At the same time, those fighting for equality contend that this halfway measure does not go far enough. They point out that under this compromise, an openly gay child could be a boy scout, but once he became an 18-year-old Eagle Scout, he would be disqualified from ever being a scout leader. It is logically inconsistent that a gay boy is acceptable for membership but a gay man is not. This discrimination would send a clear message not only to scouts but to all young people that gay men are at best immoral, and at worst pedophiles who cannot be trusted as scout leaders.

Recent returns from a survey sent to about 1 million members of the scouting community revealed that 61 percent of the 200,000 respondents support the present exclusionary policy (compared with 34 percent opposed). The same survey showed that a majority of scouts, adult leaders and parents do not believe that a scout should be denied the Eagle Scout award merely because of his sexual orientation. Most significantly, a majority of younger parents and teenage scouts oppose the present "don't ask, don't tell" policy because it does not represent the core values of scouting.

In the summary of this survey, the major argument made by opponents of openly gay scouts and adult leaders is debunked: "The nearly universal opinion among sexual abuse authorities is that same-sex sexual interest or same-sex sexual experience, either in adults or youth, is NOT a risk factor for sexually abusing children."

During the week of May 20, this resolution will be put to a vote among the 1,400 members of the BSA's national council. There is no guarantee that they will approve this compromise. Given the results of the survey and the dissatisfaction with this compromise expressed by both the proponents and the opponents of equality, it would seem logical that the resolution will fail. And if it does, who will suffer the consequences of this continued discrimination?

Financial support by major corporations and government entities will continue to dwindle. Pressure to revoke both state and federal tax exemption will increase. The trend of public entities withdrawing preferential treatment for the BSA in use of government-owned property might accelerate. With support for the ban decreasing among parents from 57 percent three years ago to 48 percent today, declining membership will likely remain unabated as the generational differences become more pronounced.

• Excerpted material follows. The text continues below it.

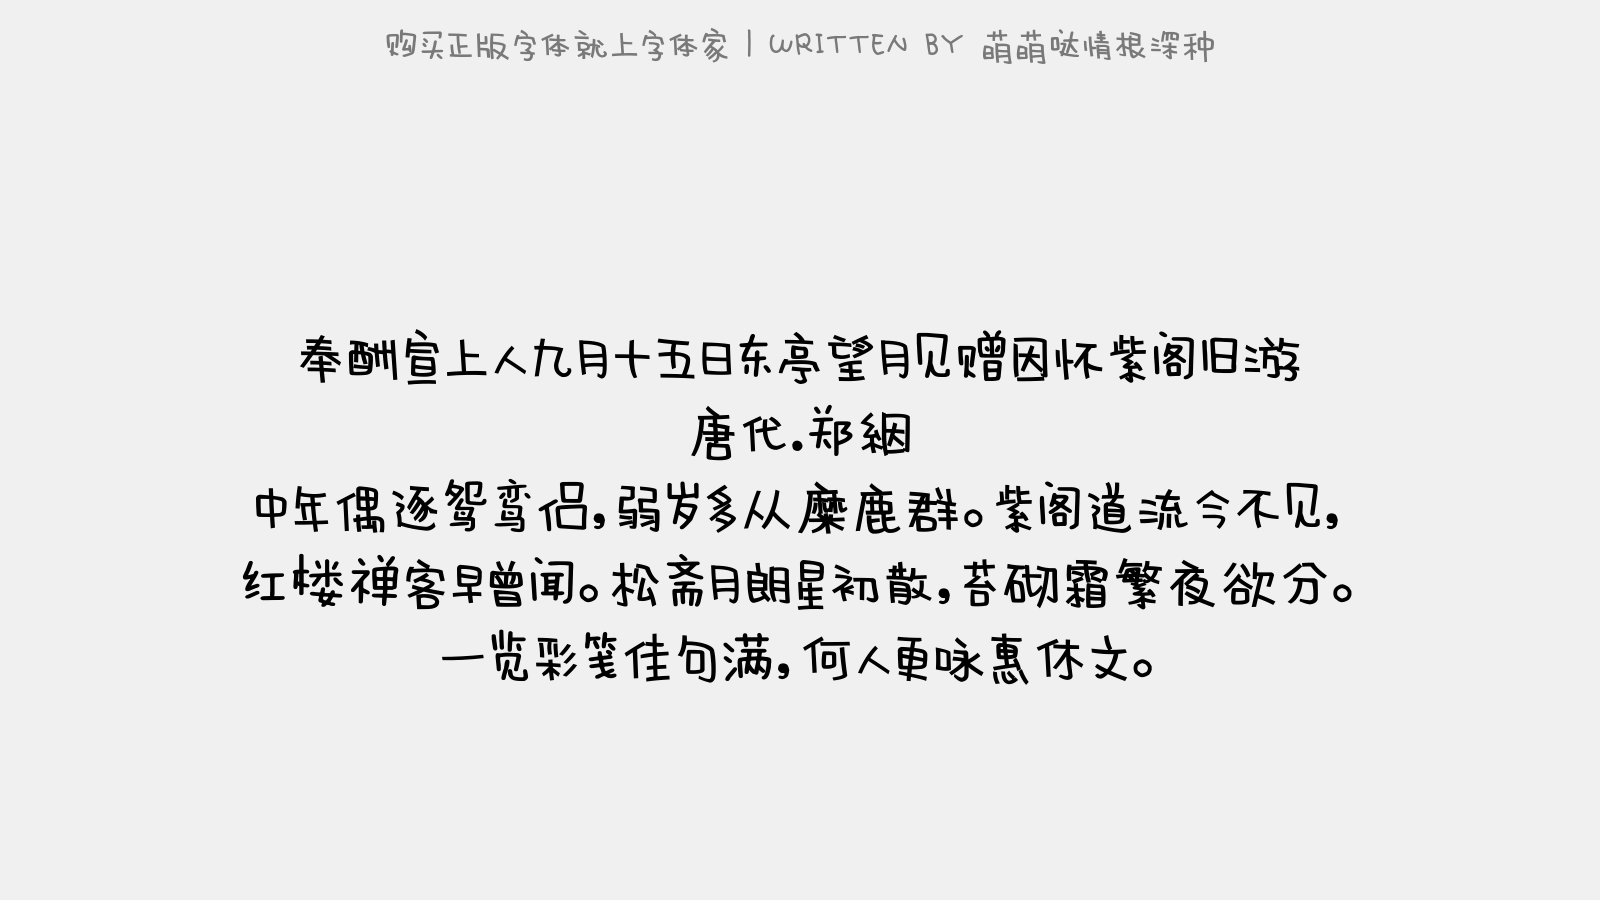 萌萌哒情根深种免费字体下载 中文字体免费下载尽在字体家

While the organizational impact of the continuation of this outdated policy is troubling enough, it is the consequences to individual scouts that are most concerning. Many of us who are Eagle Scouts understand how important the values we learned in the Boy Scouts were in our development as productive and successful citizens. We want all boys to have this same opportunity. We challenge the national council to answer this simple question: Does discrimination in any form have a place in the 21st-century Boy Scouts of America?